TASK DESCRIPTION:
The answer must consist solely of the lines from the line with "Pangram Sentence Example PNG image" to the end of the data below, transcribed exactly and with no pictures.

DATA BELOW:
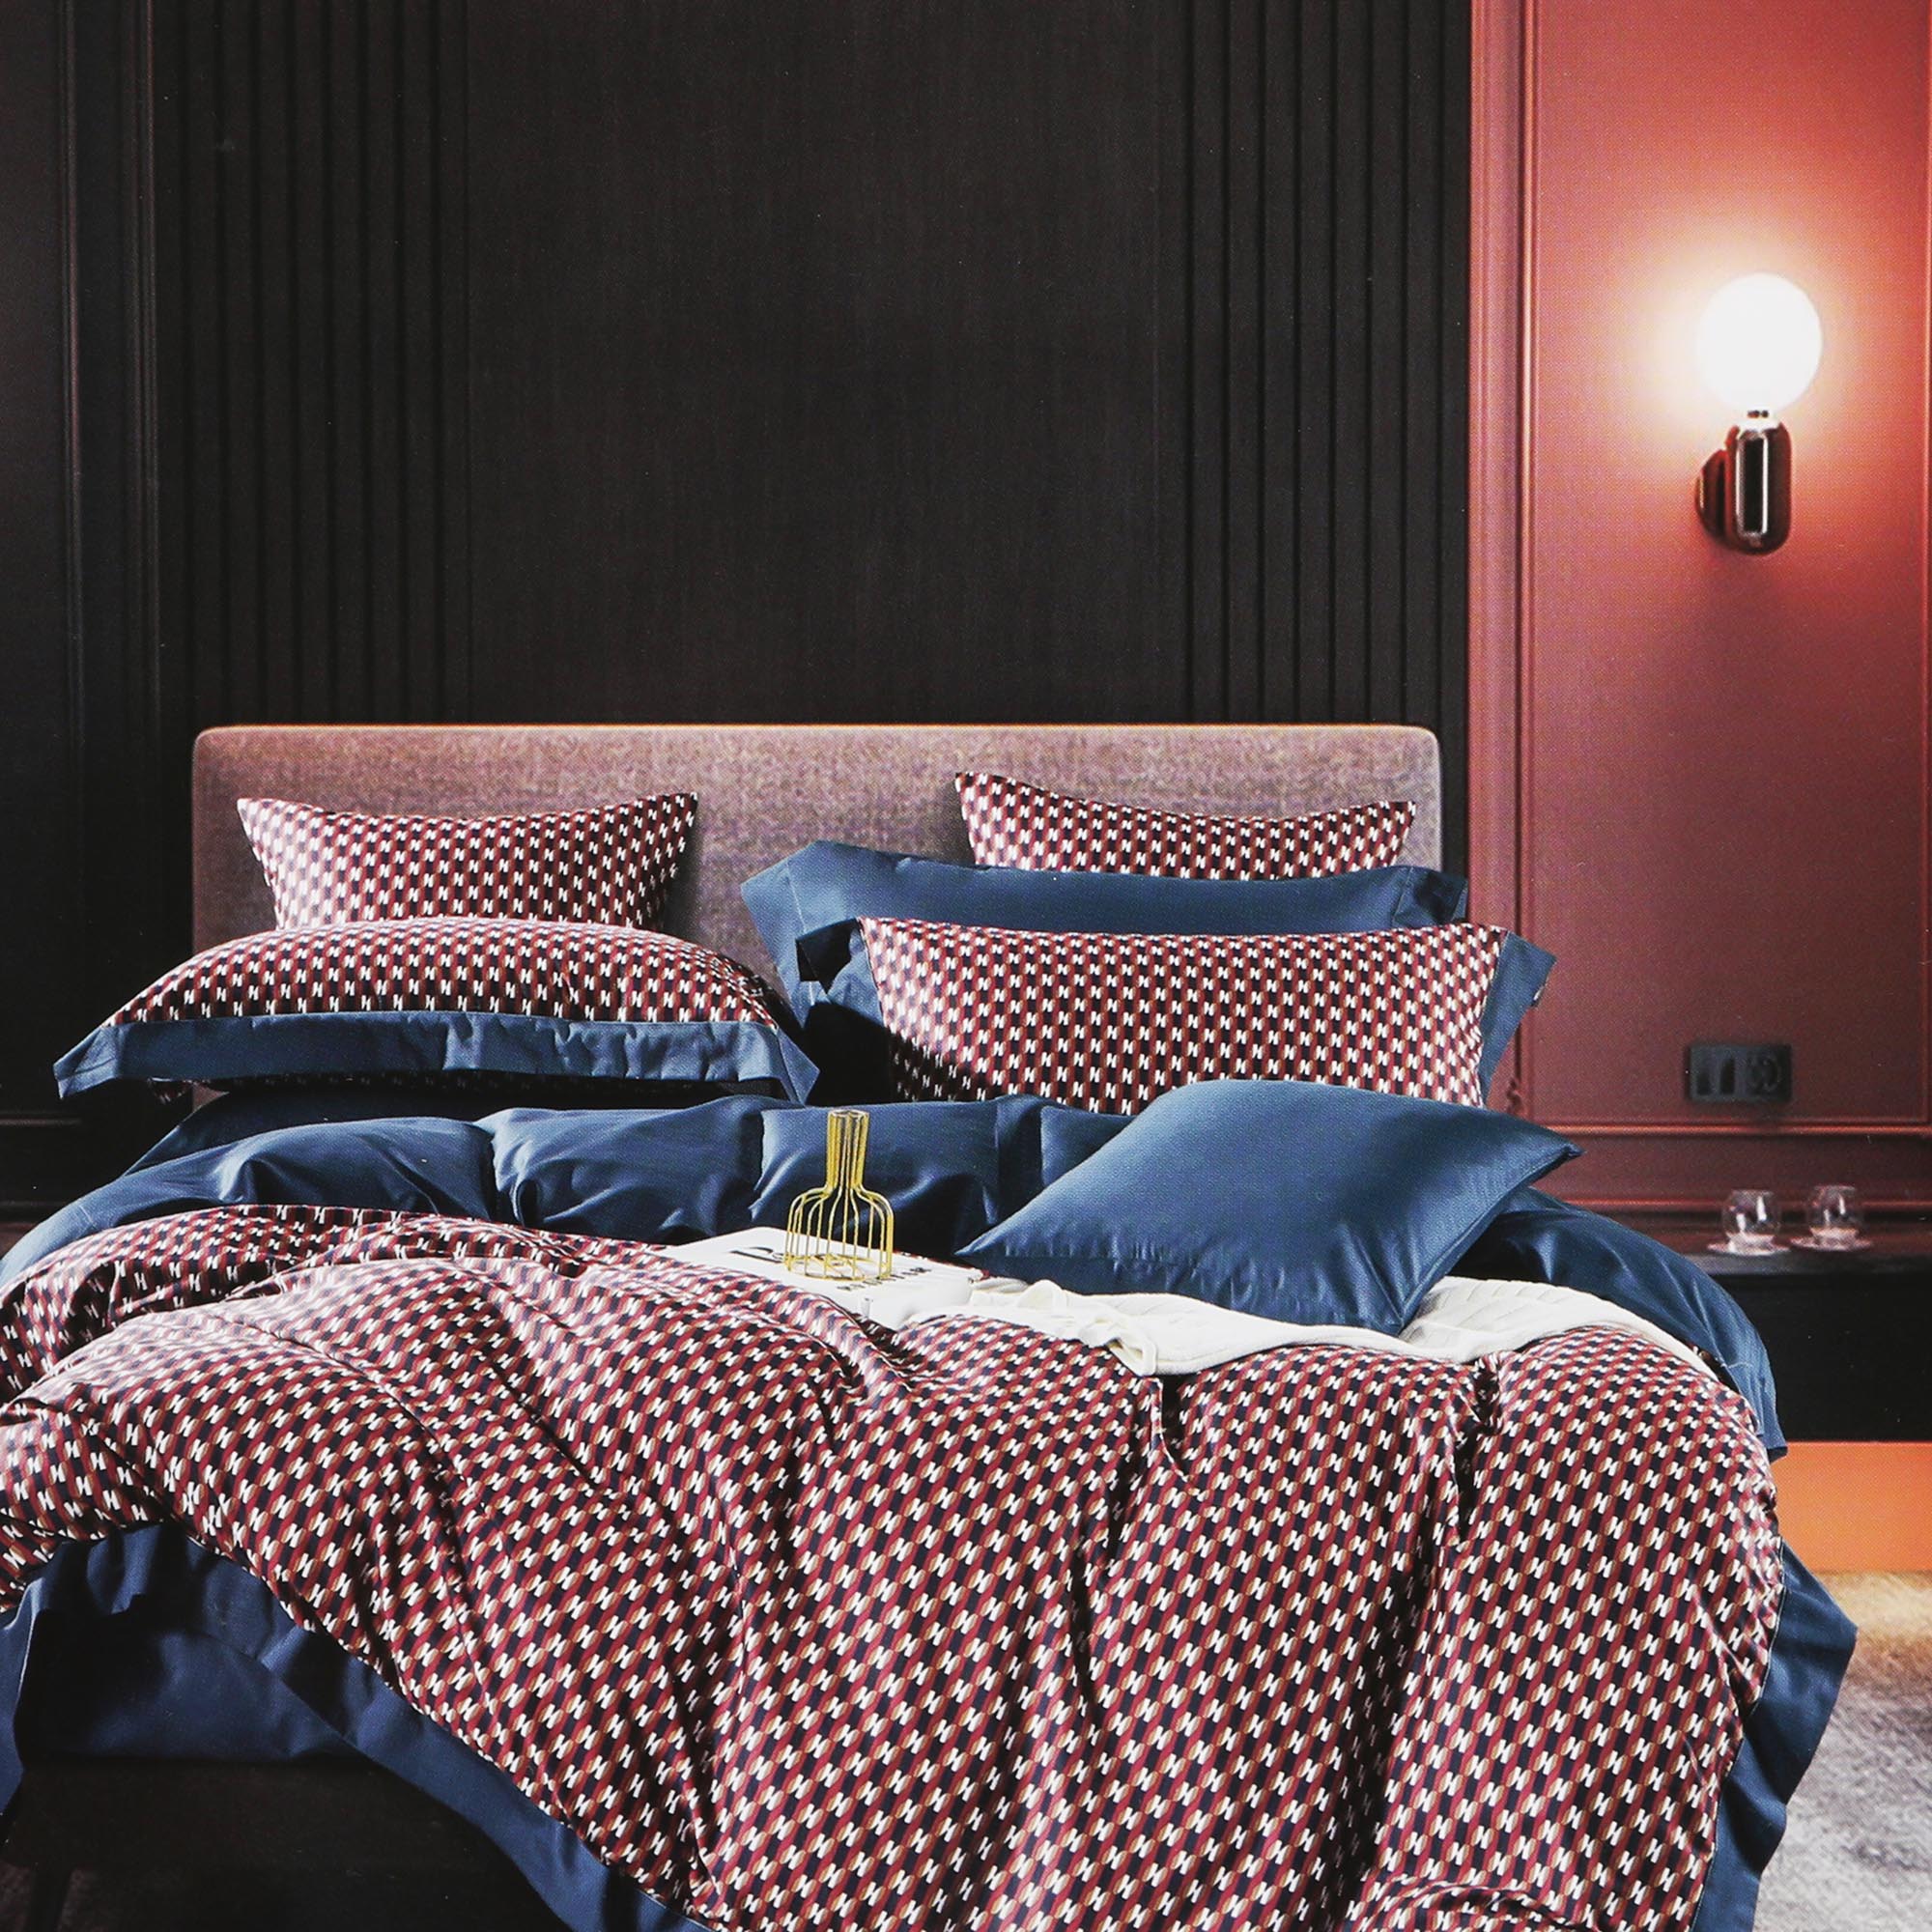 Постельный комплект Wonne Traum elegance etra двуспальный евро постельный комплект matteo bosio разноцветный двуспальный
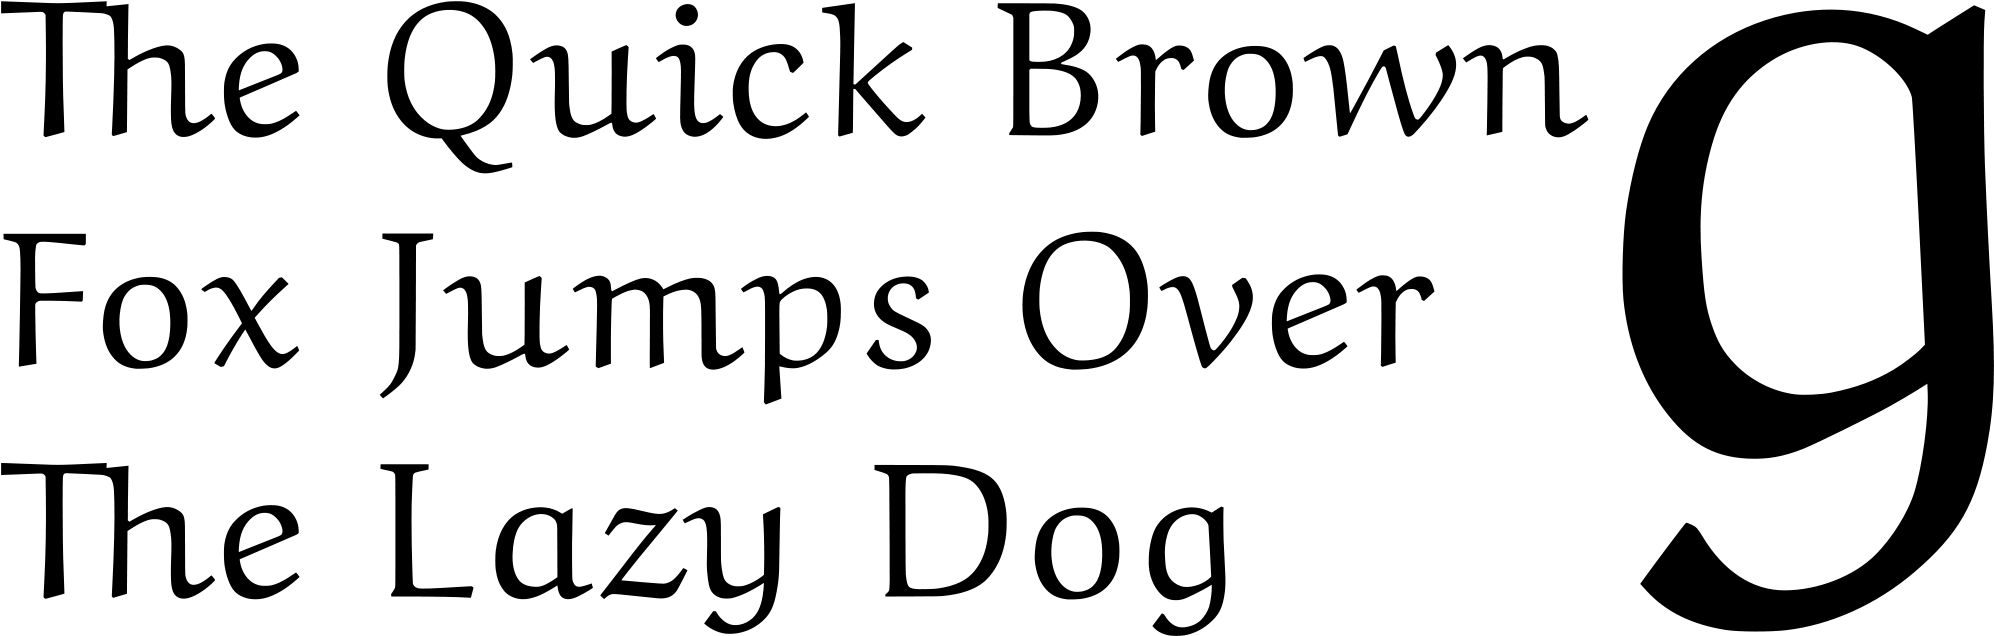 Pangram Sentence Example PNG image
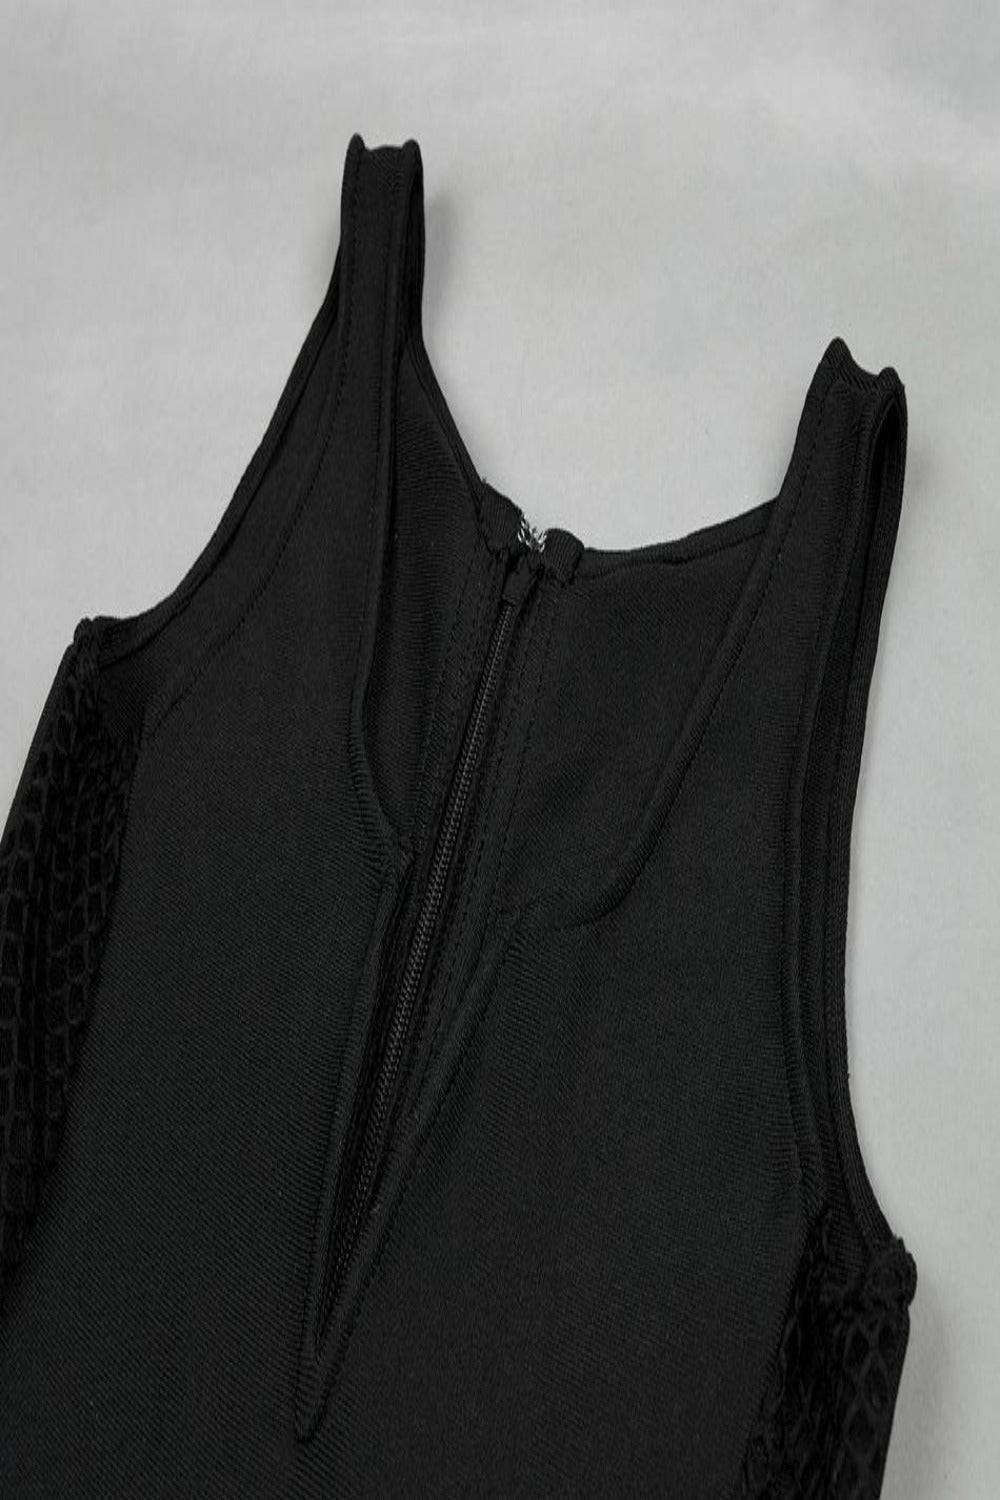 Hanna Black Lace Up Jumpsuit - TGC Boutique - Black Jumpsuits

FINISHED EXERCISE:
 Pangram Sentence Example PNG image
 Hanna Black Lace Up Jumpsuit - TGC Boutique - Black Jumpsuits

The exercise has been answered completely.